My example program was, like the OP's, a "do nothing" that just created an SDK client and used it to invoke an API:
public void handler(Object ignored, Context context)
{
long start = System.currentTimeMillis();
AWSLogs client = AWSLogsClientBuilder.defaultClient();
long clientCreated = System.currentTimeMillis();
client.describeLogGroups();
long apiInvoked = System.currentTimeMillis();
System.err.format("time to create SDK client = %6d\n", (clientCreated - start));
System.err.format("time to make API call = %6d\n", (apiInvoked - clientCreated));
}
I ran this with different memory sizes, forcing a cold start each time. All times are in milliseconds:
| | 512 MB | 1024 MB | 2048 MB | 4096 MB |
|+++++++++++++++++++|+++++++++|+++++++++|+++++++++|+++++++++|
| Create client | 5298 | 2493 | 1272 | 1019 |
| Invoke API call | 3844 | 2023 | 1061 | 613 |
| Billed duration | 9213 | 4555 | 2349 | 1648 |
As I said above, the primary benefit that you get from increasing memory is that you increase CPU at the same time. Creating and initializing an SDK client is CPU-intensive, so the more CPU you can give it, the better.

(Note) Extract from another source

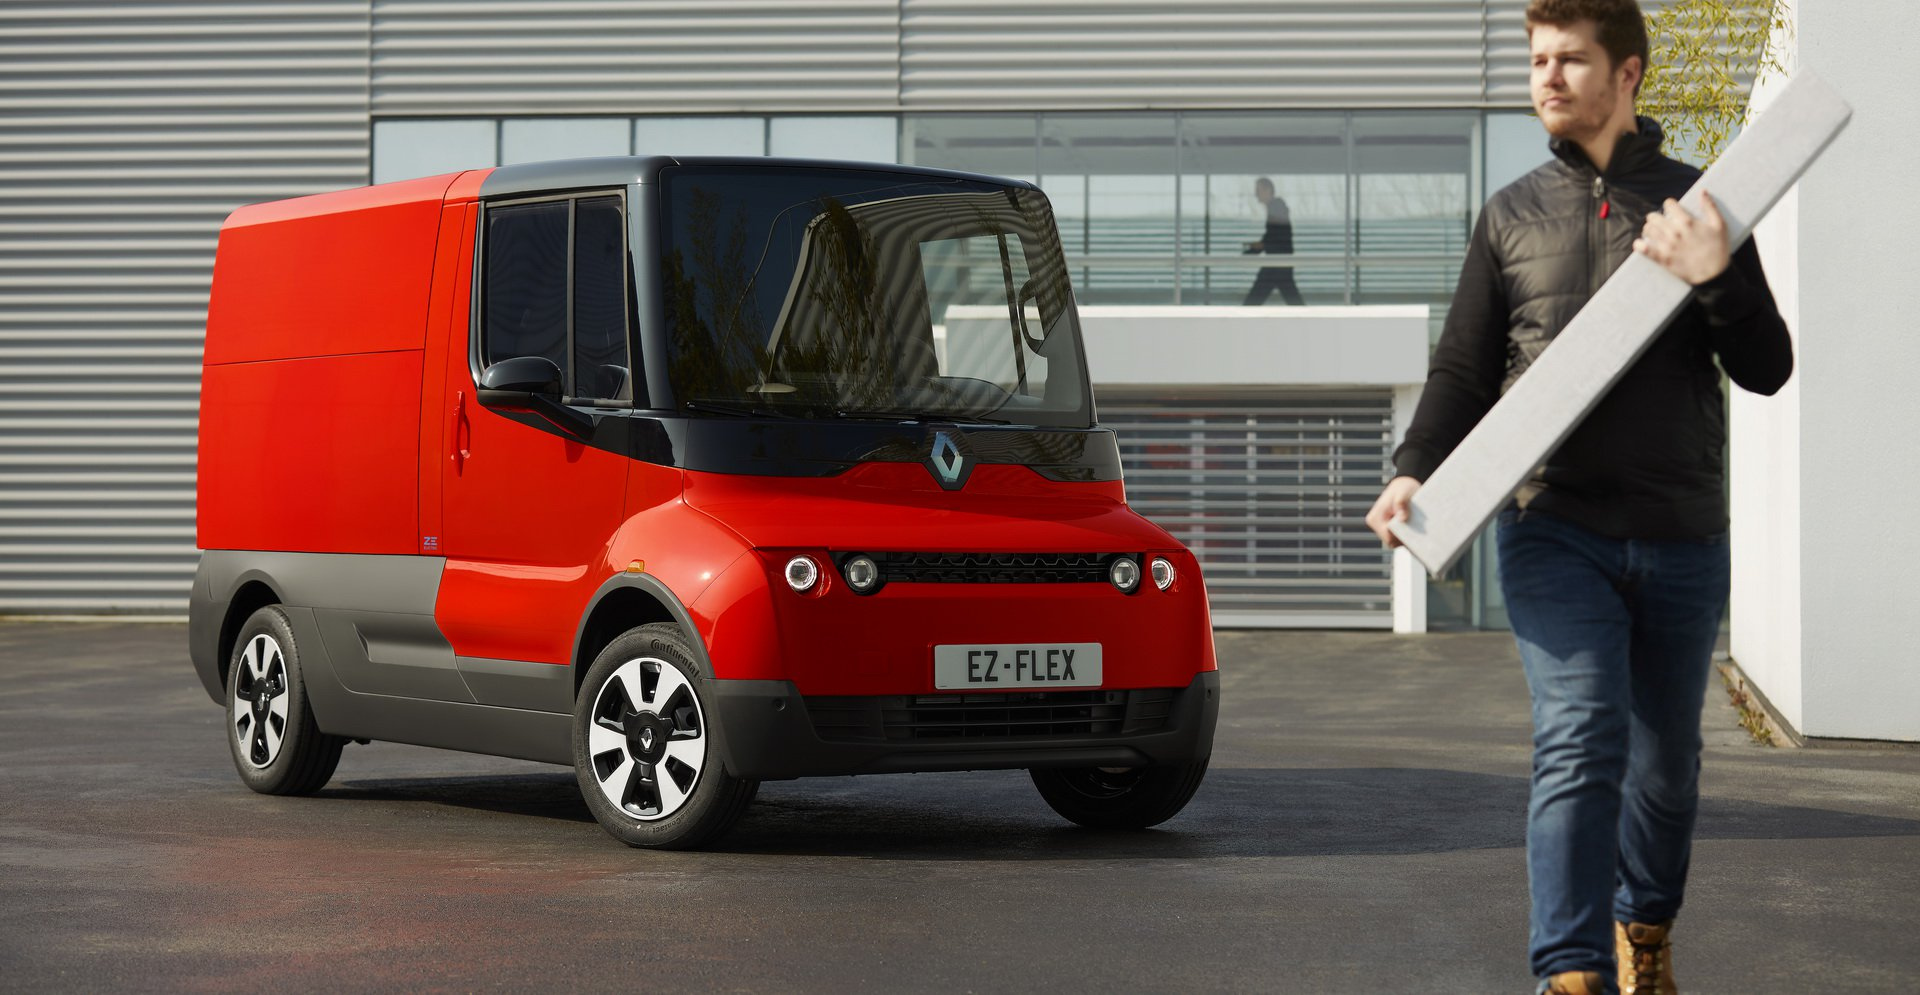 Идея коммерческого транспорта на электротяге не нова для «Рено»: в линейке бренда уже есть подобные модели в лице Twizy Cargo, Master Z.E и др. Список может пополнить еще один экземпляр – EZ-Flex

Update 2: this morning I tried compiling a simple AWS program with GraalVM. It took several minutes to build the stand-alone executable, and even then it created a "fallback image" (which has an embedded JDK) due to dependencies of the AWS SDK. When I compared runtimes, there was no difference between running with standard Java.
Bottom line: use Java for things that will run long enough to benefit from Hotspot. Use a different language (Python, JavaScript, perhaps Go) for things that are short-running and need low latency.